Why now? For one, Israel seems to be "between wars" and unable to do much on the security front. Little can be done on the Palestinian question at the moment. The Oslo Peace Process has come to a stop; some respectable journalists claim that "The Oslo Process is over." Netanyahu is trying to fight the UN's recognition of the Palestinian state, but that's a lost cause as long as Oslo is frozen. Such a fight is determined at the level of the United Nations General Assembly, where no country can veto its decisions. That's how the UN got involved in the Suez crisis- neither Britain nor France could veto the General Assembly decision. Furthermore, the People's Republic of China got the "China" seat in the same way in 1971. Unless Israel can convince a majority of the 193 members of the UN that it should not recognize Palestine, then Palestine will be seen as a sovereign country with its own representative. Perhaps they feel that America's ability to veto its move to the General Assembly will be enough. Although I wonder, then, why France and the UK did not prevent the Suez issue from going to the General Assembly...

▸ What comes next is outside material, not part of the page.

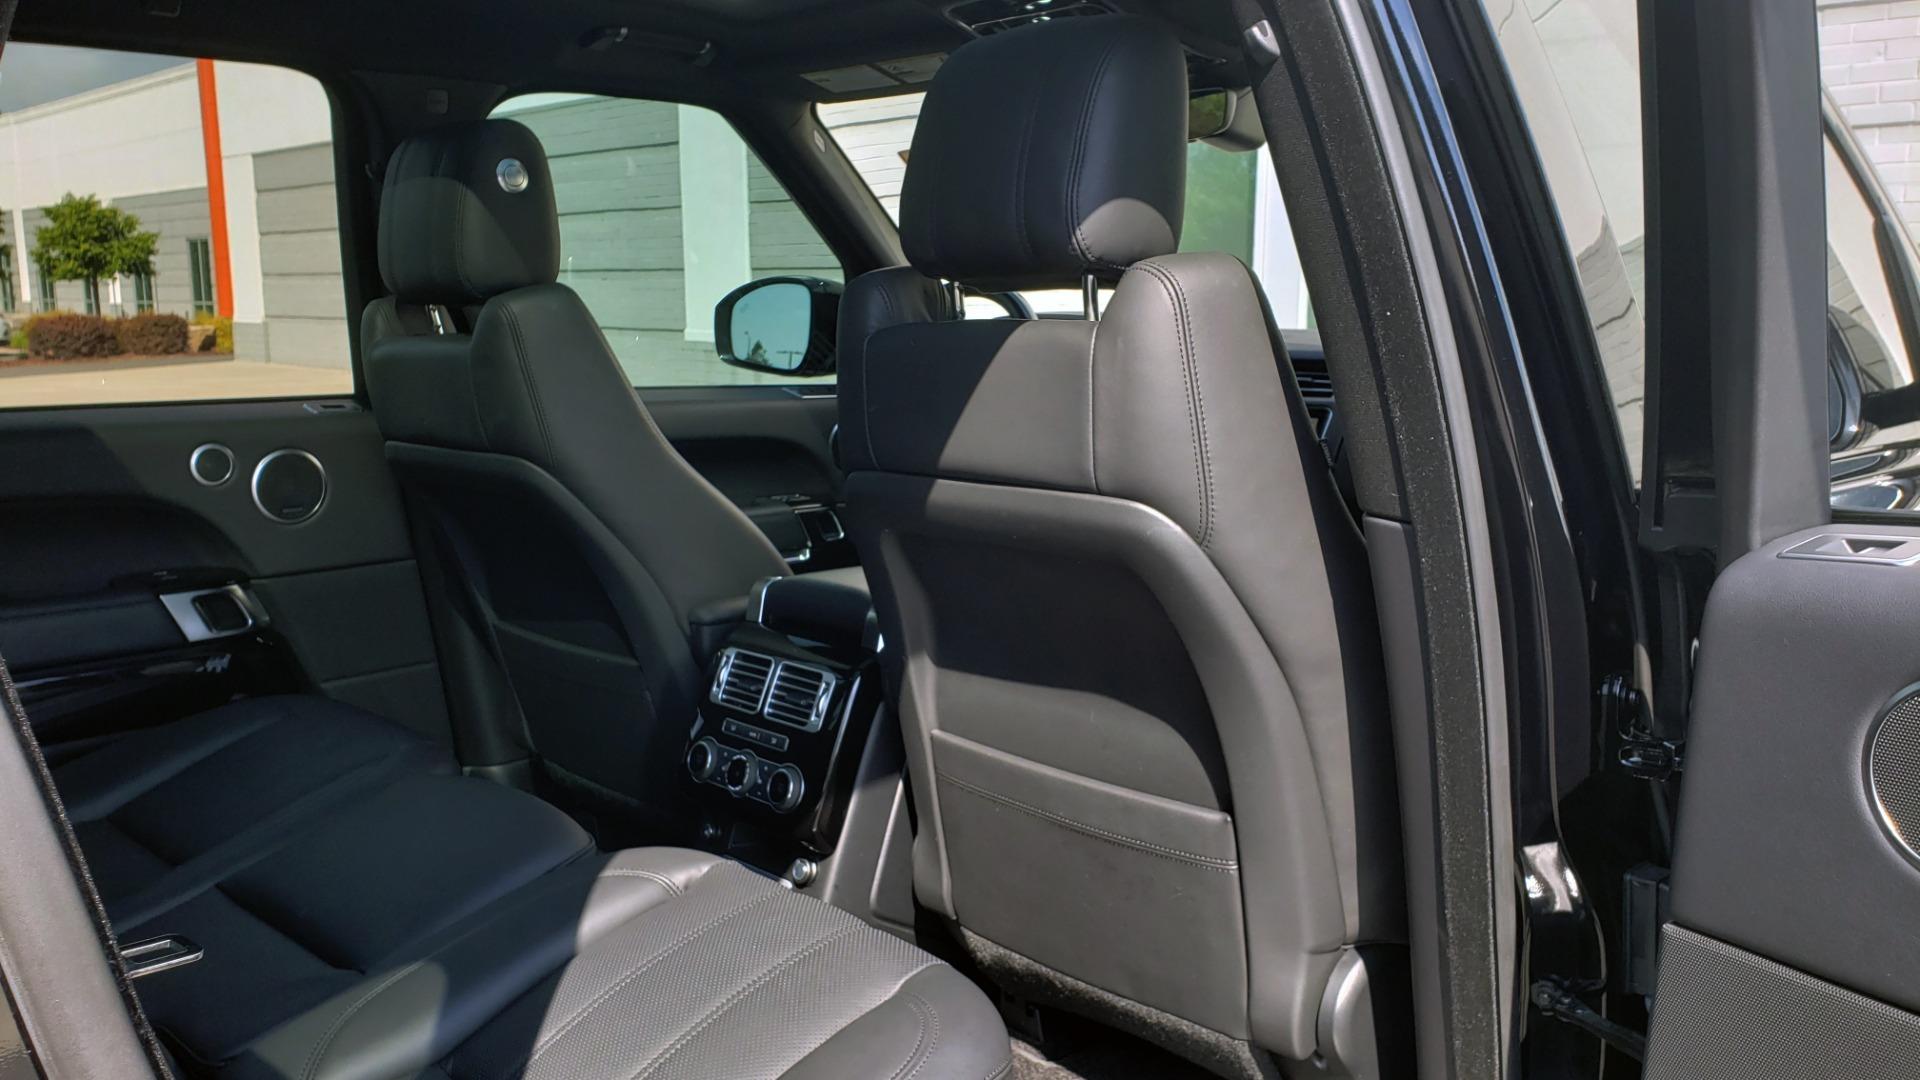 Used 2017 Land Rover RANGE ROVER SC V8 / VISION ASST / DRIVE PKG / MERIDIAN SOUND / PANO-ROOF / NAV / BSM for sale $75,995 at Formula Imports in Charlotte NC 28227 82

Regardless of the maneuvering on the Palestinian question, it is interesting to see that Israel's population wants to focus on economics instead. Israel is not an Arab autocracy that is trying to maintain its gerontocracy; its closer to Spain's economic protests, even if the Arab Spring had its own economic elements (the Tunisian revolt, and through it the whole movement, began when one Tunisian burned himself over his economic situation). It is just a normal country with normal problems, and that is what the economic protests remind us about.